In “Technical Agile Enabling,” Pia Otter-Bäck presents a practical approach to embed solid engineering practices so teams deliver features faster with higher quality, avoid technical debt, and foster a continuous learning culture. She partners with teams for fixed periods to surface codebase and technical challenges and implement tailored improvements, joining Scrum activities and facilitating user story mapping, ensemble programming, and learning hours. Key techniques include BDD for requirements with automated living documentation, DDD for domain-centric system design, and a sustainable testing culture with TDD that enables efficient refactoring—practices teams can apply immediately.

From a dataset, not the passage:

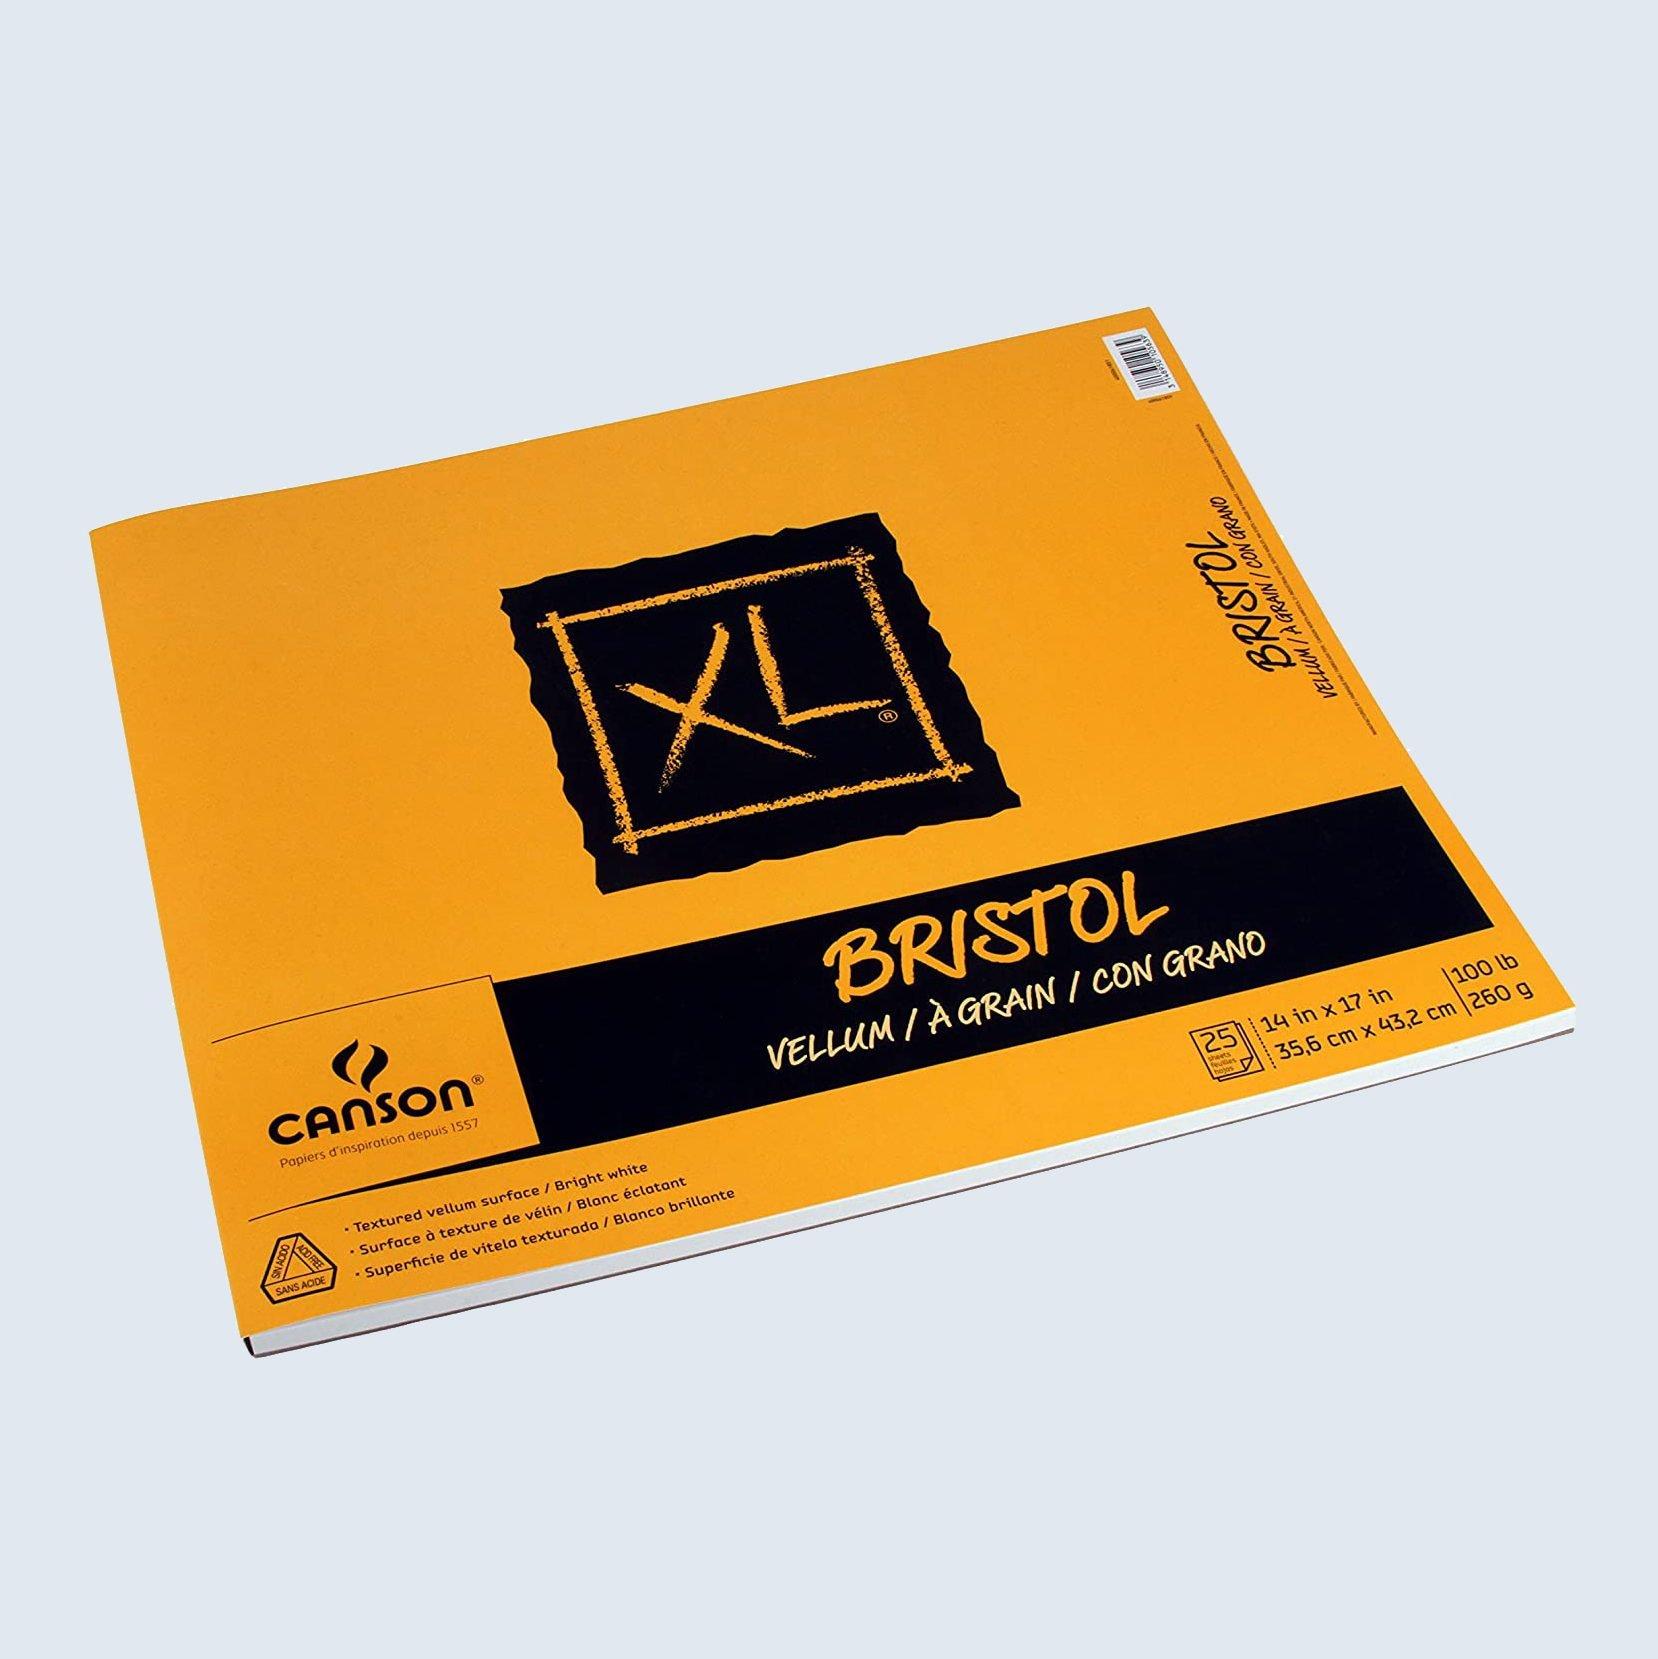 Canson XL Bristol paper pad
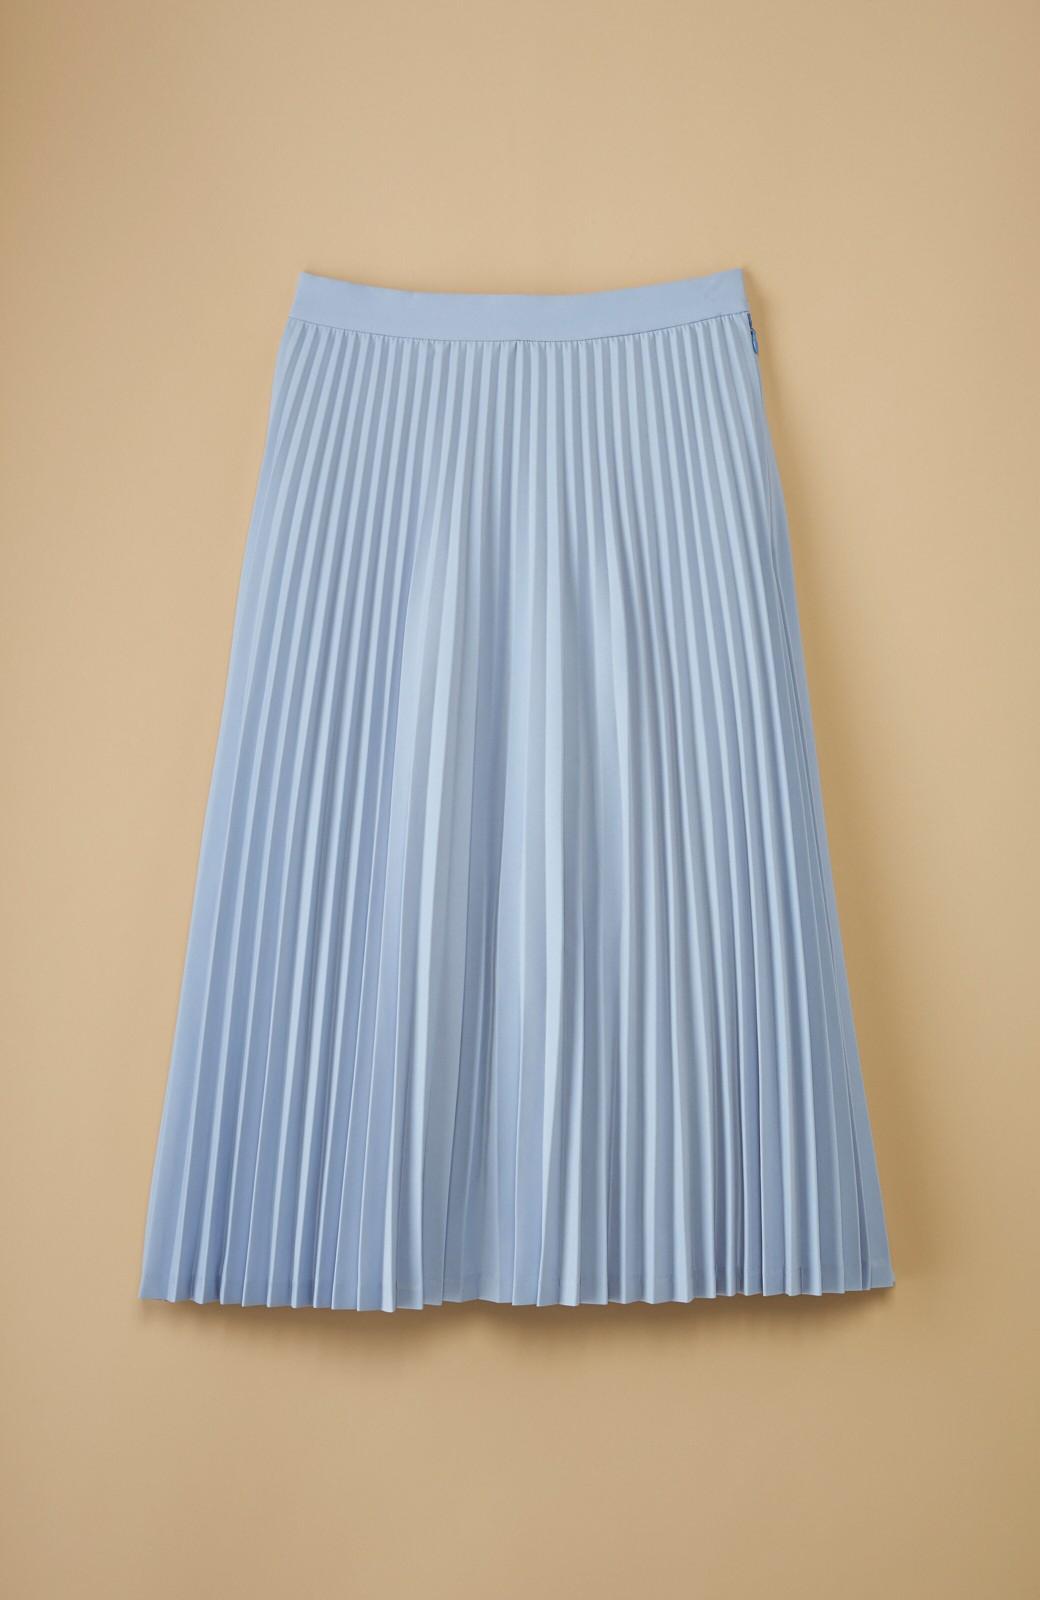 haco! 【mer11月号掲載】折り目正しい大人のためのプリーツスカート by que made me <サックスブルー>の商品写真1

Technical Agile Enabling at MIC: Practices that help engineering teams deliver faster with higher quality

Introduction: Our takeaways from “Technical Agile Enabling” by Pia Otter-Bäck (MIC)

In the session “Technical Agile Enabling” by Pia Otter-Bäck (MIC), we at DevJobs.at got a crisp, practice-oriented view into an approach that treats technical excellence as a deliberate choice. MIC is a market leader in customs software solutions, founded in 1988, with 265 employees, offering solutions for 48 countries on six continents and used by over 700 multinational customers. At that scale, every gain in quality and throughput matters—and that’s where Technical Agile Enabling comes in.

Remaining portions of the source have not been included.